In Part Two, set in 1948, Shostakovich flies to New York to represent Russia in the Cultural and Scientific Congress for World Peace. To his shame, he reads scripted speeches that expound the party line and pretends to believe them. After all, as the cautionary examples of Prokofiev, Stravinsky and Akhmatova make clear, it is always best to side with the government. This earns Shostakovich some success – in 1960, the focus of Part Three, he's asked to chair the Union of Composers, and he's also awarded the Stalin Prize and the Order of Lenin on multiple occasions – but never peace of mind. He realises early on there are 'only two types of composer: those who were alive and frightened; and those who were dead.'
Under a regime that makes friends, distant family members and former associates disappear, Shostakovich has to decide whether he has the courage to be his own artist.

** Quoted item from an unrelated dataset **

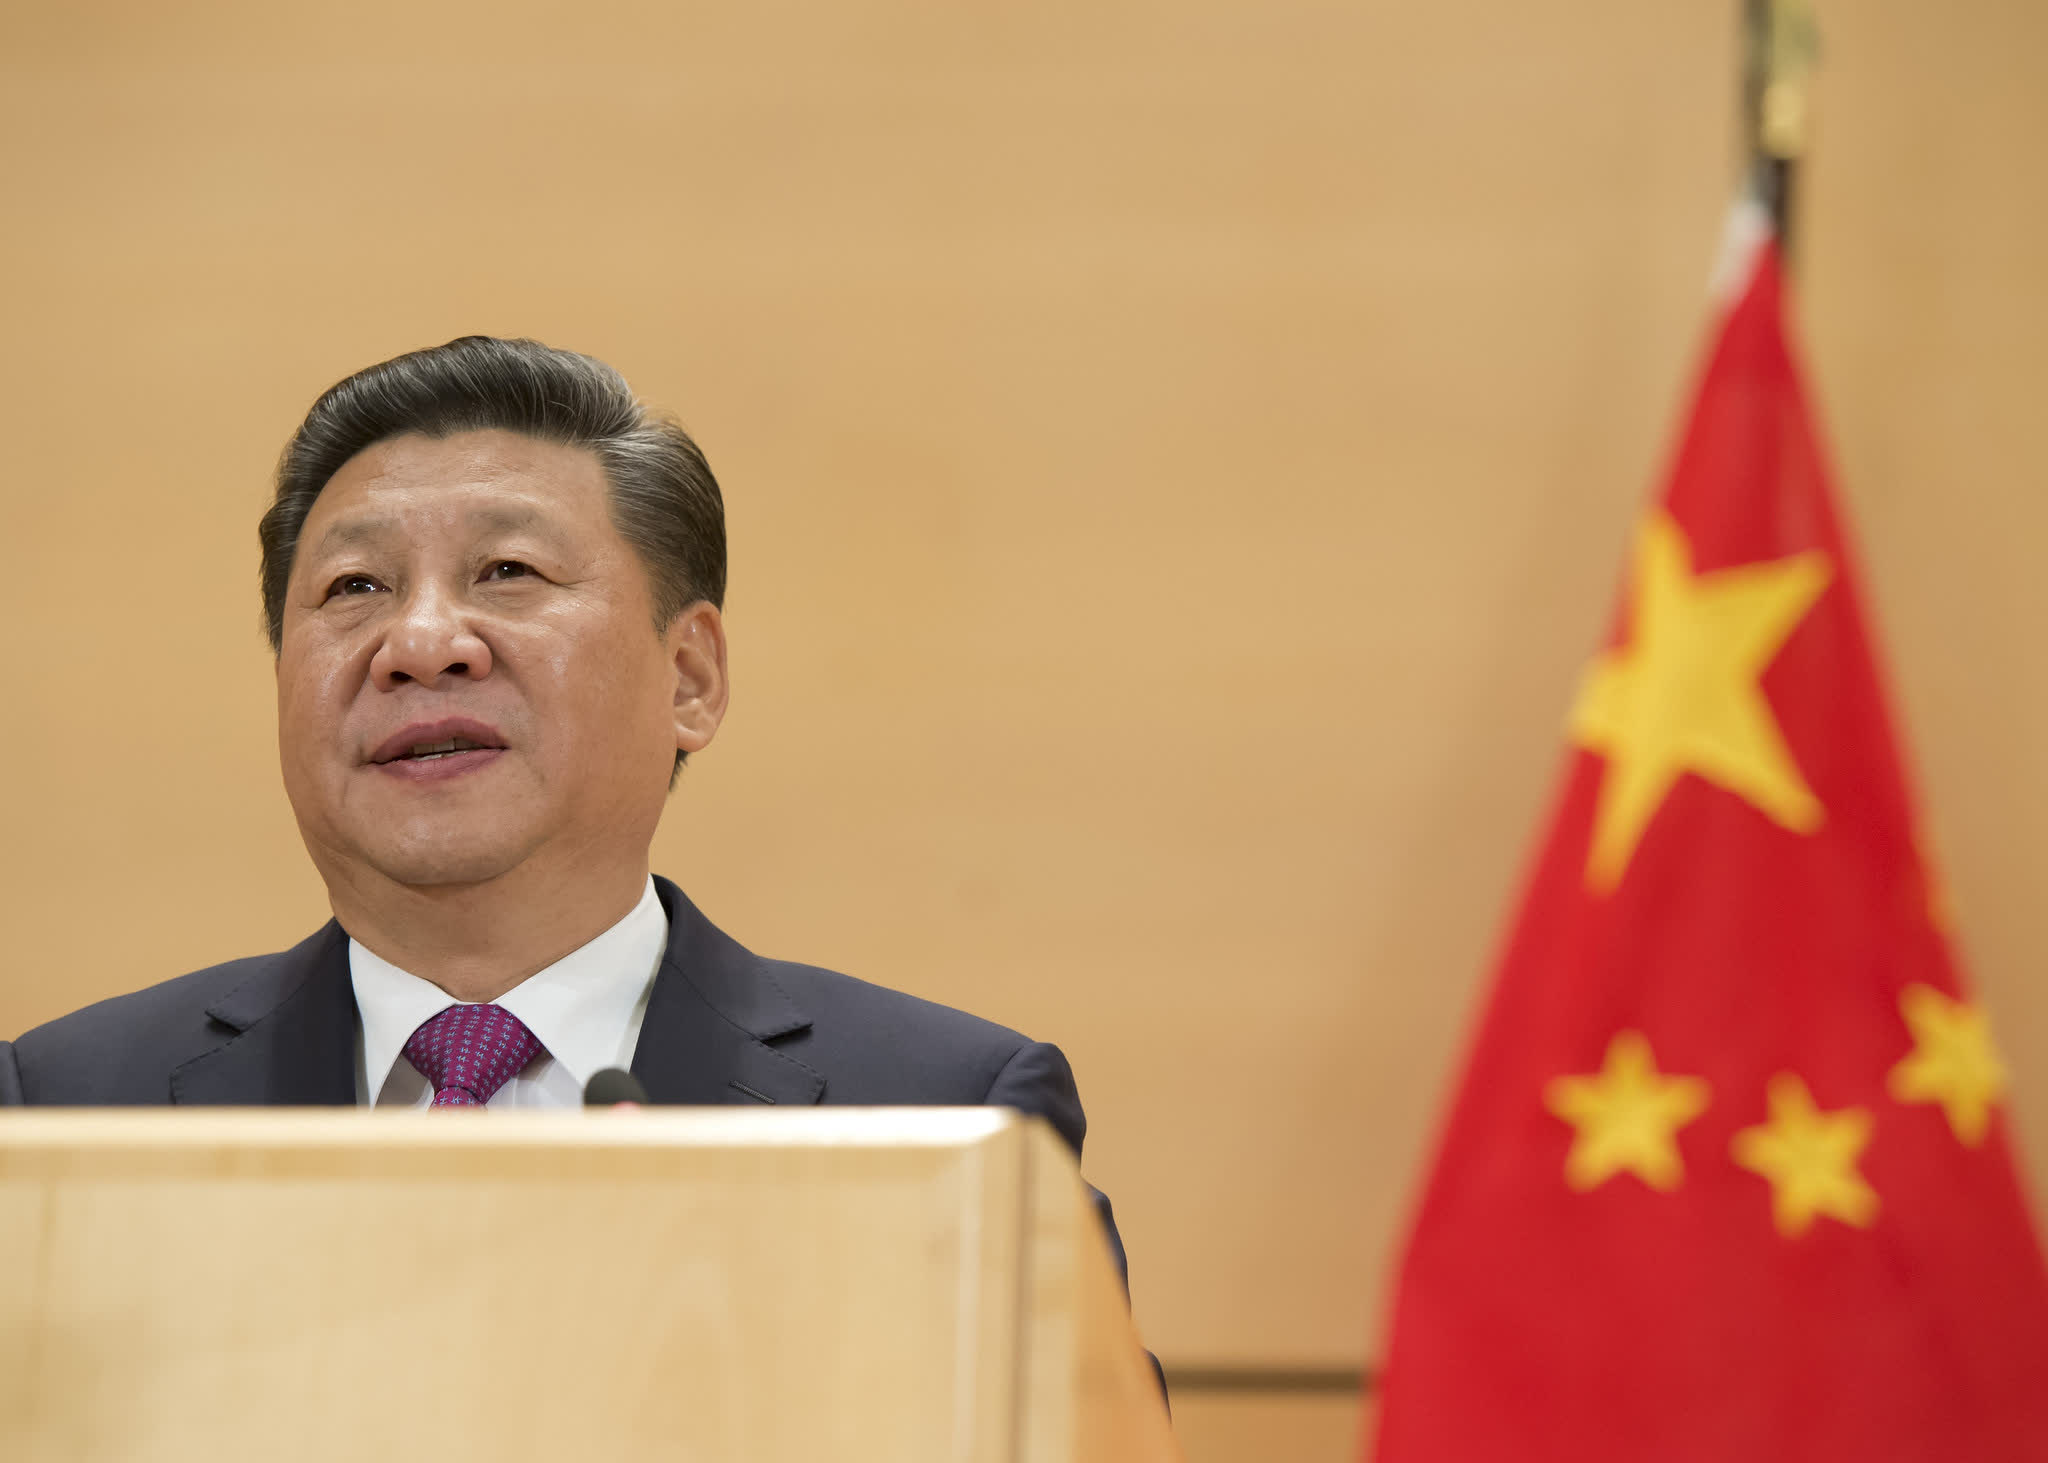 China está decidida a avanzar en su tecnología a pesar de las restricciones lideradas por Estados Unidos, dice Xi Jinping al primer ministro holandés

He notices that Power seems to come for him every 12 years – 1936, 1948, 1960, all leap years – and hopes to be dead before they can come again in 1972. An ironic perspective is all that keeps him going: 'Irony allows you to parrot the jargon of Power, to read out meaningless speeches written in your name, to gravely lament the absence of Stalin's portrait in your study while behind a half-open door your wife is holding herself in against forbidden laughter.'
The omniscient narrator sums up Stalin's rule as 'a vast catalogue of little farces adding up to an immense tragedy.' The book is full of such terrific one-liners ('Integrity is like virginity: once lost, never recoverable' is another great one), but there are not many memorable scenes to latch on to. Shostakovich goes through three wives (one dies and one he divorces), but never did I feel very close to him as a character; I had little sense of his inner life.
This is closest in subject to Barnes's The Porcupine (1992), an Eastern European novel with a political theme. I've now read all but a few of Barnes's books, and to me this one doesn't particularly stand out in his oeuvre. The Tsar of Love and Techno by Anthony Marra is the better recent book about artistic expression under authoritarianism. I'd be most likely to recommend the Barnes only to those with an existing interest in Shostakovich or Russian history. All the same, it's a successful short parable of art imprisoned by politics.
Further reading suggestion: Barnes fans should be sure not to miss Arthur and George and Levels of Life.